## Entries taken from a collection

BEGIN

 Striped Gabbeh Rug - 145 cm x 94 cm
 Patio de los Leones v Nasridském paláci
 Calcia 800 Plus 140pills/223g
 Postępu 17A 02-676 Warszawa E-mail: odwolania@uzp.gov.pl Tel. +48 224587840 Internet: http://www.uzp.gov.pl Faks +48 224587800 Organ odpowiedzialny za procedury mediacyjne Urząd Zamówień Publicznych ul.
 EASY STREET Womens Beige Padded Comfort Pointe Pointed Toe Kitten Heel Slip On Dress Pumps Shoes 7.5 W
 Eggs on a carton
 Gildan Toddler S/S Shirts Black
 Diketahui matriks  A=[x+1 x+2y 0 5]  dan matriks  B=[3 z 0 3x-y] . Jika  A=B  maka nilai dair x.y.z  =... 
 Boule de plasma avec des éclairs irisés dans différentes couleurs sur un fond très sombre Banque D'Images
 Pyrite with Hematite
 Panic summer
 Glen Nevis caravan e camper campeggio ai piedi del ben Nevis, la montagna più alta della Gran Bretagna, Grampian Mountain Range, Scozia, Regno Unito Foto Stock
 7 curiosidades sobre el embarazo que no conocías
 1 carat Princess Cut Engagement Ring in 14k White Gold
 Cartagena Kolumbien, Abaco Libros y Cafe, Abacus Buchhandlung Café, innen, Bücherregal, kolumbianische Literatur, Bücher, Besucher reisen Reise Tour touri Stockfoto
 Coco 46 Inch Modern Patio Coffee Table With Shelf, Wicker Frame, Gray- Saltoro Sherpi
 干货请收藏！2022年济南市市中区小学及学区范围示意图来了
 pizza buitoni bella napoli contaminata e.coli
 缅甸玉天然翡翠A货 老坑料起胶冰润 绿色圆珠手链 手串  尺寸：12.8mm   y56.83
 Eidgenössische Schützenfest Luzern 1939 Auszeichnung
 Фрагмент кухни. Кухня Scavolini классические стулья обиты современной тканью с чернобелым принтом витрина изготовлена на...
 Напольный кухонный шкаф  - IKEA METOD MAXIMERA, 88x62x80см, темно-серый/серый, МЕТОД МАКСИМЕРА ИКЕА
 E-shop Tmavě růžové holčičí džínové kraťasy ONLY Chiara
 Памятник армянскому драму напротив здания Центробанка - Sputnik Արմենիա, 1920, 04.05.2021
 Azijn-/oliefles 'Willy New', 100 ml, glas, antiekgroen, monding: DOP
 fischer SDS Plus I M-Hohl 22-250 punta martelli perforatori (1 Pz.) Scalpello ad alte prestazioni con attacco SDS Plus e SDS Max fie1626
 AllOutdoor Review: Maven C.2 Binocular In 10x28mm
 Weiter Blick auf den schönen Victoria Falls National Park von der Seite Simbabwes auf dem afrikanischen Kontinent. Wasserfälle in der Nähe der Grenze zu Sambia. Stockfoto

END

## The task
Print all the data exactly.

## Answer to the problem
 Striped Gabbeh Rug - 145 cm x 94 cm
 Patio de los Leones v Nasridském paláci
 Calcia 800 Plus 140pills/223g
 Postępu 17A 02-676 Warszawa E-mail: odwolania@uzp.gov.pl Tel. +48 224587840 Internet: http://www.uzp.gov.pl Faks +48 224587800 Organ odpowiedzialny za procedury mediacyjne Urząd Zamówień Publicznych ul.
 EASY STREET Womens Beige Padded Comfort Pointe Pointed Toe Kitten Heel Slip On Dress Pumps Shoes 7.5 W
 Eggs on a carton
 Gildan Toddler S/S Shirts Black
 Diketahui matriks  A=[x+1 x+2y 0 5]  dan matriks  B=[3 z 0 3x-y] . Jika  A=B  maka nilai dair x.y.z  =... 
 Boule de plasma avec des éclairs irisés dans différentes couleurs sur un fond très sombre Banque D'Images
 Pyrite with Hematite
 Panic summer
 Glen Nevis caravan e camper campeggio ai piedi del ben Nevis, la montagna più alta della Gran Bretagna, Grampian Mountain Range, Scozia, Regno Unito Foto Stock
 7 curiosidades sobre el embarazo que no conocías
 1 carat Princess Cut Engagement Ring in 14k White Gold
 Cartagena Kolumbien, Abaco Libros y Cafe, Abacus Buchhandlung Café, innen, Bücherregal, kolumbianische Literatur, Bücher, Besucher reisen Reise Tour touri Stockfoto
 Coco 46 Inch Modern Patio Coffee Table With Shelf, Wicker Frame, Gray- Saltoro Sherpi
 干货请收藏！2022年济南市市中区小学及学区范围示意图来了
 pizza buitoni bella napoli contaminata e.coli
 缅甸玉天然翡翠A货 老坑料起胶冰润 绿色圆珠手链 手串  尺寸：12.8mm   y56.83
 Eidgenössische Schützenfest Luzern 1939 Auszeichnung
 Фрагмент кухни. Кухня Scavolini классические стулья обиты современной тканью с чернобелым принтом витрина изготовлена на...
 Напольный кухонный шкаф  - IKEA METOD MAXIMERA, 88x62x80см, темно-серый/серый, МЕТОД МАКСИМЕРА ИКЕА
 E-shop Tmavě růžové holčičí džínové kraťasy ONLY Chiara
 Памятник армянскому драму напротив здания Центробанка - Sputnik Արմենիա, 1920, 04.05.2021
 Azijn-/oliefles 'Willy New', 100 ml, glas, antiekgroen, monding: DOP
 fischer SDS Plus I M-Hohl 22-250 punta martelli perforatori (1 Pz.) Scalpello ad alte prestazioni con attacco SDS Plus e SDS Max fie1626
 AllOutdoor Review: Maven C.2 Binocular In 10x28mm
 Weiter Blick auf den schönen Victoria Falls National Park von der Seite Simbabwes auf dem afrikanischen Kontinent. Wasserfälle in der Nähe der Grenze zu Sambia. Stockfoto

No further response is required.